Well, he seems to let us down at the biggest moments of expectation or need. Like the 2010 playoff game against the Green Bay Packers. And right now, there is nobody to back him up except practice-squad rookie David Fales, a sixth-round pick out of San Jose State.

Funny how you can get nostalgic for Jimmy Clausen in seven days.

Speaking of whom, Clausen might even have topped out Cutler in the ‘‘clueless’’ category years ago when he arrived as a not-quite college freshman at the College Football Hall of Fame in a stretch limo. Ah, heck, you know quarterbacks.

But Clausen almost had his skull compressed to sandwich width on a vicious helmet-to-helmet cheap shot by 280-pound Detroit Lions defensive end Ziggy Ansah last Sunday. After the blow, which caused the concussion that is keeping Clausen out of the Vikings game, the quarterback yanked off his newly flexible helmet and screamed at Ansah, ‘‘What the [expletive] is wrong with you?’’

Ah, difficult questions.

The Bears have so many of them.

But before we get to some of them, let’s add the part of this doomsday scenario that is troublesome: Cutler, currently uninjured, has not made it through an entire season without damage in almost five years. Let’s pray that’s not a self-destruct clock we hear ticking.

If most of the Bears’ coaching staff is fired soon, which seems likely, then all focus is on Cutler. He was certain not to play again this year after being benched last week for the first time in his career, a career that goes all the way back to the Denver Broncos in 2006.

But here he is — again — and what else is there to look at?

If he plays listlessly and stupidly, how could anybody want to keep him? If he plays well and is uninjured, then the whispers will start again that, hey, maybe he’s not so bad. Maybe under a new coach, he’ll blossom. Maybe that was a pig we saw flying across the northern sky.

There really is nothing good that can come of this game.

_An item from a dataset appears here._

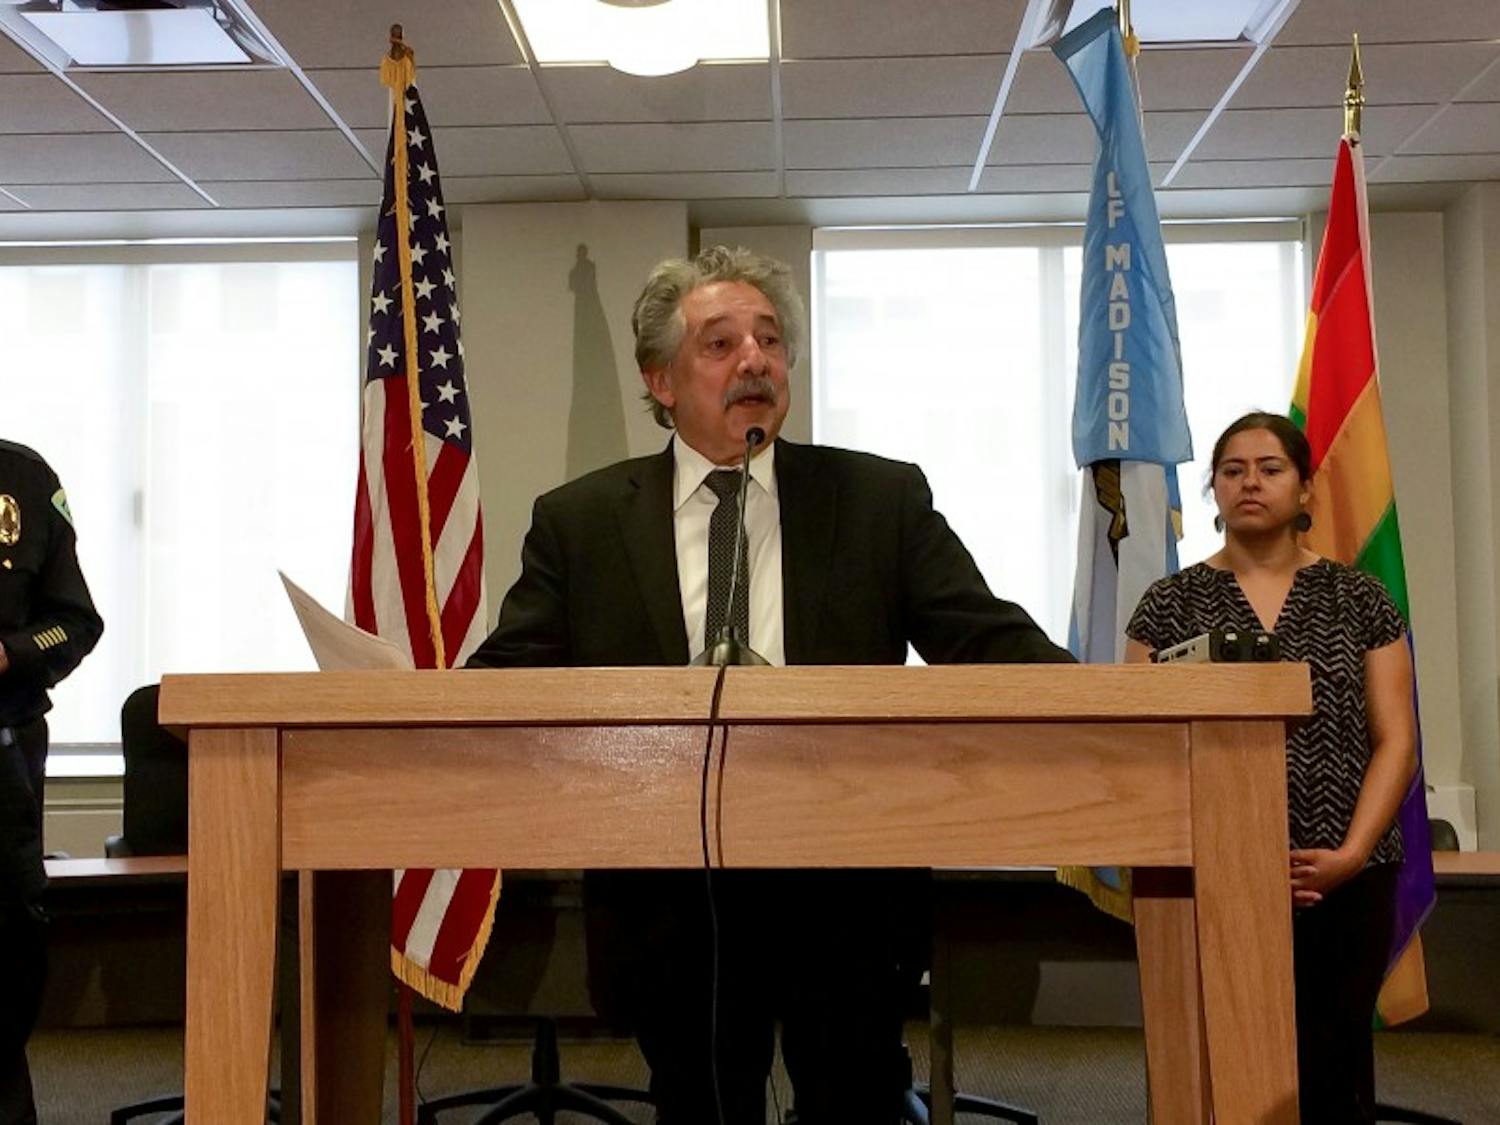 Madison police and officials won’t change immigration policies under a newly signed executive order threatening federal funding cuts to sanctuary cities, Mayor Paul Soglin said Thursday.

The consecutive 50-point atrocities against the Bears are in the books. The playoffs are long gone. A 6-10 record doesn’t look much better than a 5-11 one. Marc Trestman probably already knows where he’d like to be an offensive line coach someday.

The chaos is complete and immutable. It starts with the undermining of any cohesion on the Bears due to holdover loyalty — why, we do not know — to fired coach Lovie Smith. Everybody from Brian Urlacher to Peanut Tillman, Lance Briggs and the fast-fading Tim Jennings seems to never have fully bowed and kissed the sword of the cerebral, bland Trestman.

Trestman’s credentials were none, other than the Canadian stuff. And being unknown and bland in the NFL can translate into weird.

You’d think Lovie’s 2-13 record with the Tampa Bay Buccaneers this year might make the current Bears happy they don’t have that embalmed creature at the helm anymore. But, no, the past always looks delightful.

Think about it. How do you want Cutler to play Sunday?

What can he do that he hasn’t done before? You want him reigning? You want to start 2015 just like 2009, ’10, ’11, ’12, ’13, ’14?

Or would you rather start over like, say, the Cleveland Browns, who have been through quarterbacks Jake Delhomme, Seneca Wallace, Colt McCoy, Brandon Weeden, Thad Lewis. Jason Campbell, Brian Hoyer and — ta da! — ‘‘Johnny Football’’ himself, in just five freaking years?

Who doesn’t want a Hall of Fame quarterback in the house? Just find one and draft him. But make sure you don’t get Geno Smith or Cade McNown in the process.

Hard world, the NFL. Especially when up is down, and vice-versa.